In the entries below, find the line with "Beach and hotel" and the line with "soft-fold-wallet-black.jpg"; copy them and every line between them exactly, but not the pictures.

[DATA PROVIDED Boundary: Start]

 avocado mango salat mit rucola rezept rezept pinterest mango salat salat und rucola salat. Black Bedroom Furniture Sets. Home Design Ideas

[DATA PROVIDED Boundary: End]
[DATA PROVIDED Boundary: Start]

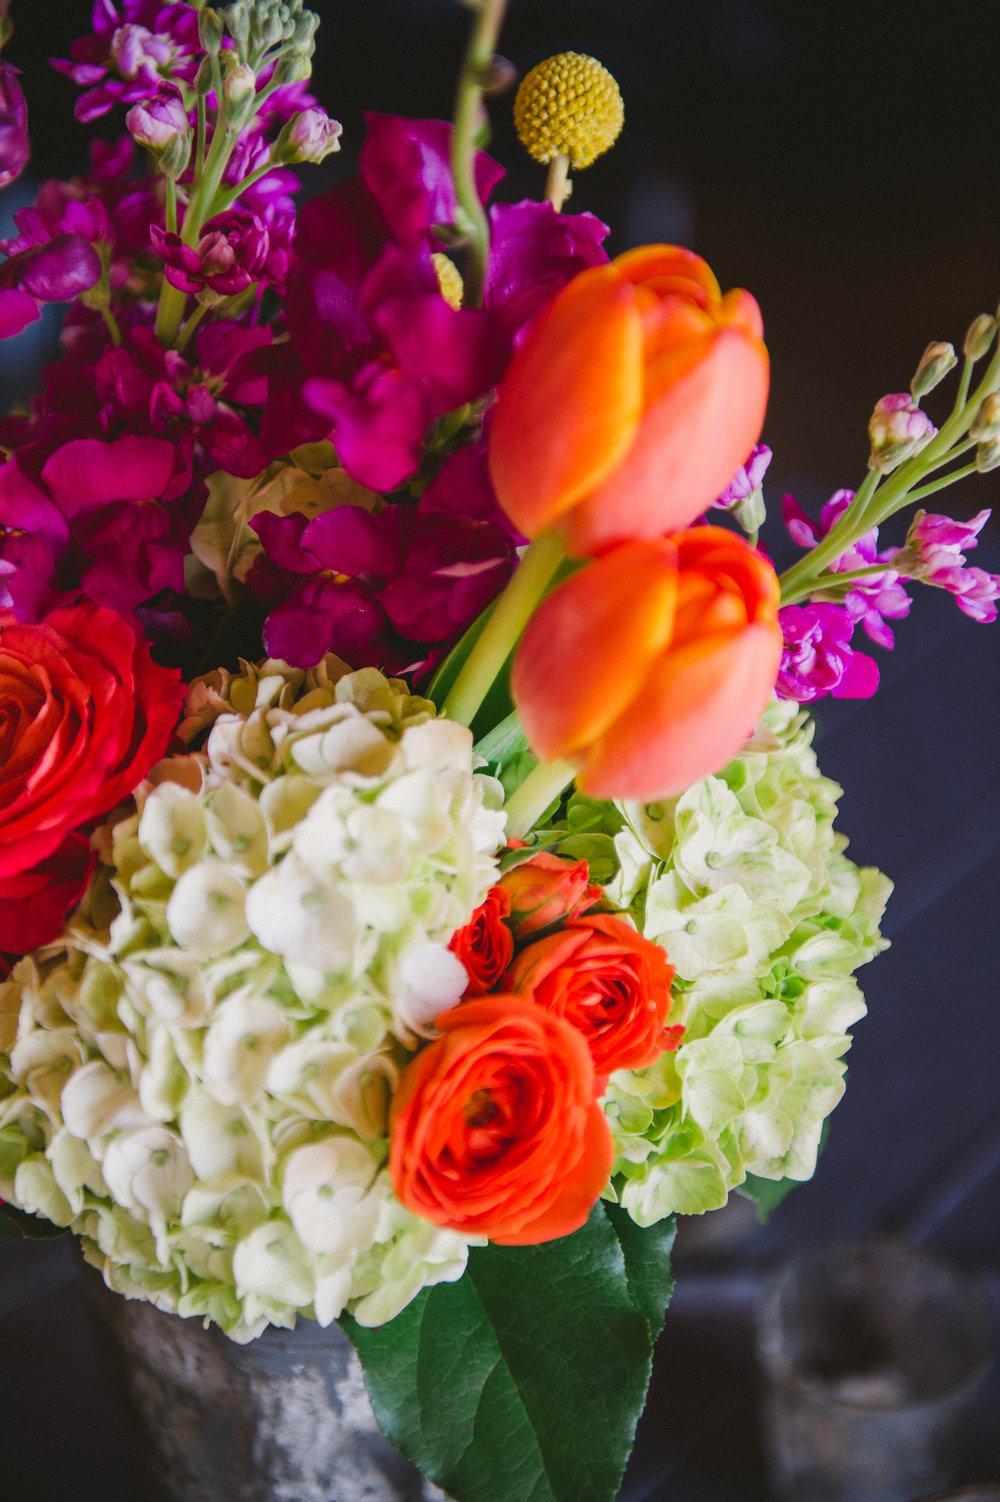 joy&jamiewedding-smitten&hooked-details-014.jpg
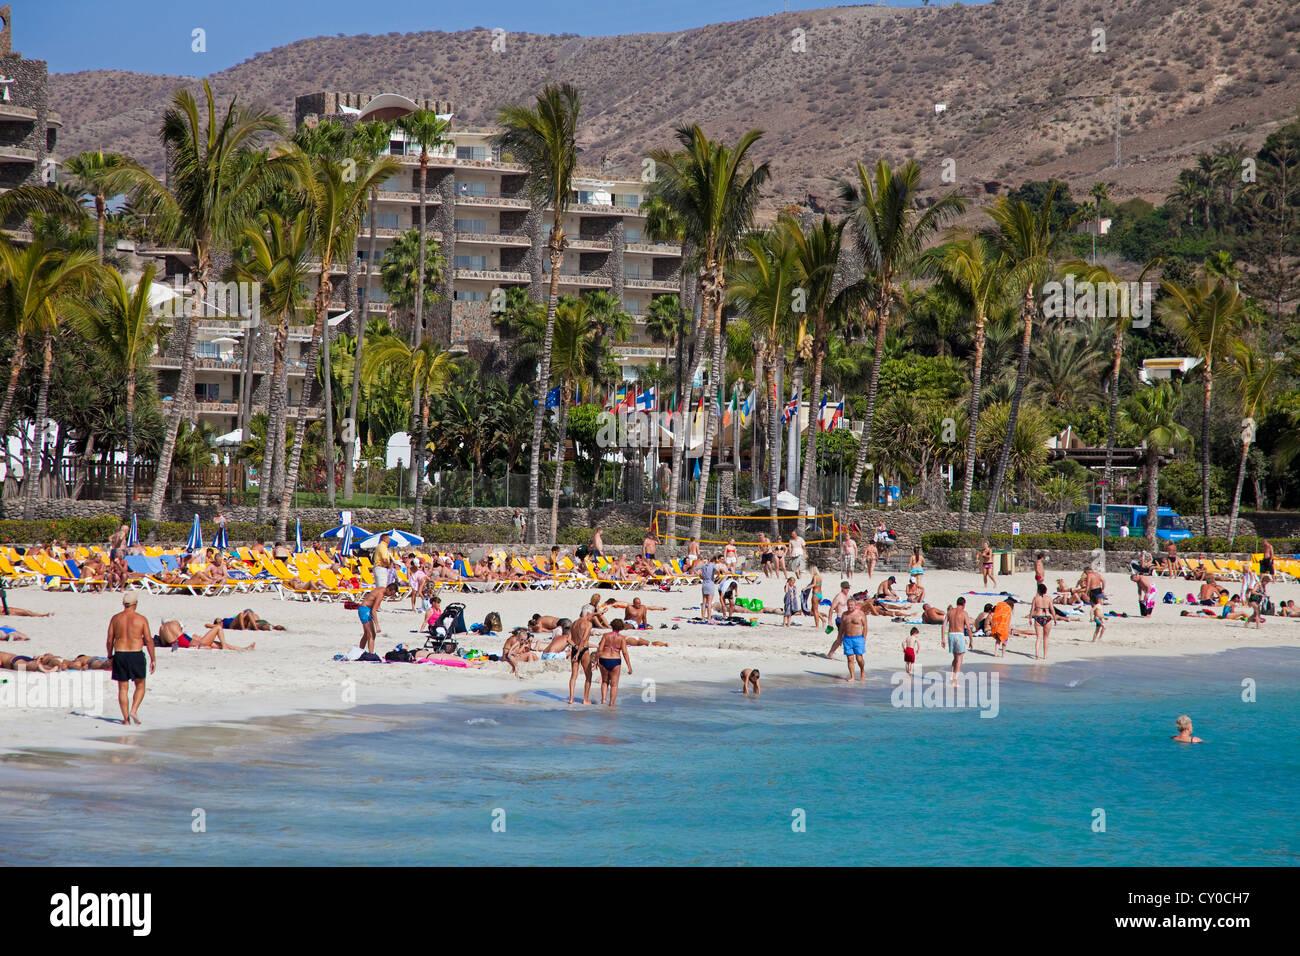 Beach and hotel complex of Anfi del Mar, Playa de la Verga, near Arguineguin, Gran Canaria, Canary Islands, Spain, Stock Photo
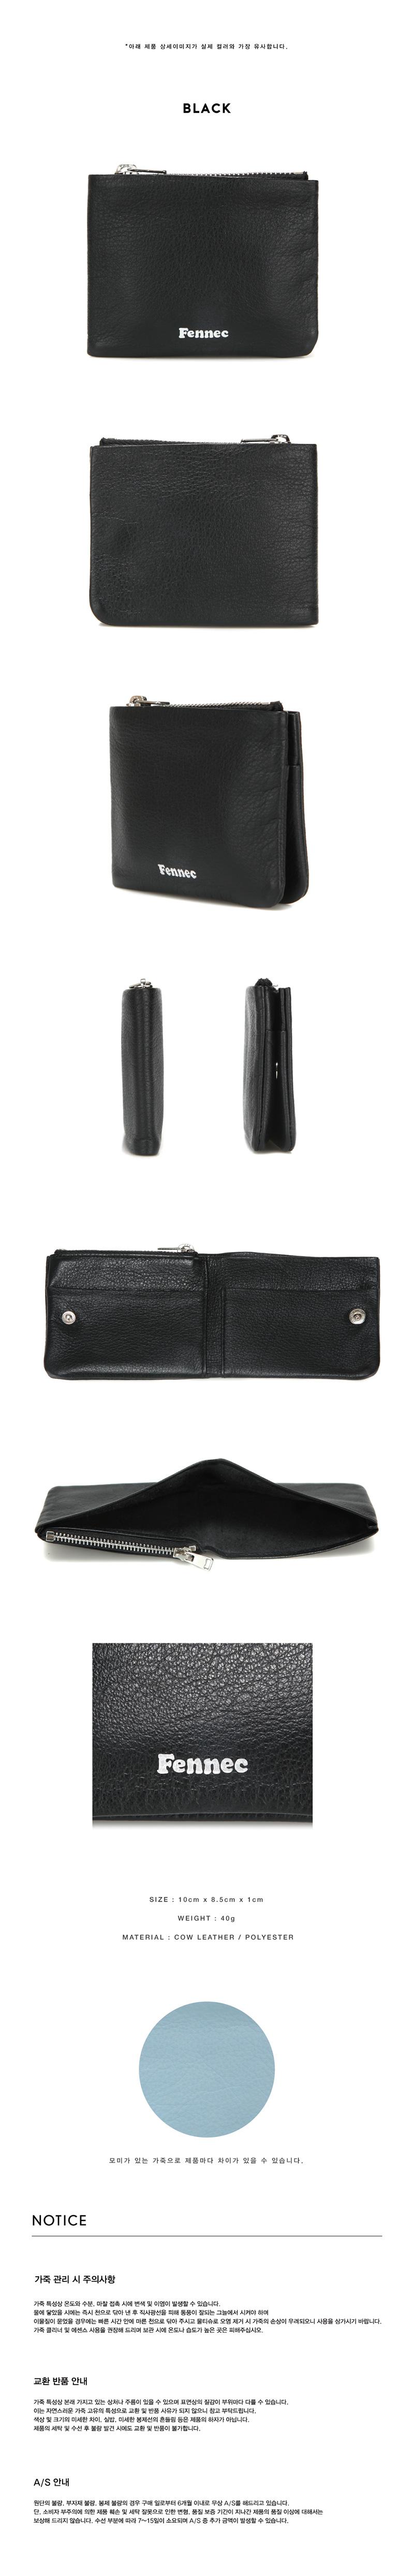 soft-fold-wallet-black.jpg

[DATA PROVIDED Boundary: End]

- **REPLY TO THE EXERCISE**
 Beach and hotel complex of Anfi del Mar, Playa de la Verga, near Arguineguin, Gran Canaria, Canary Islands, Spain, Stock Photo
 soft-fold-wallet-black.jpg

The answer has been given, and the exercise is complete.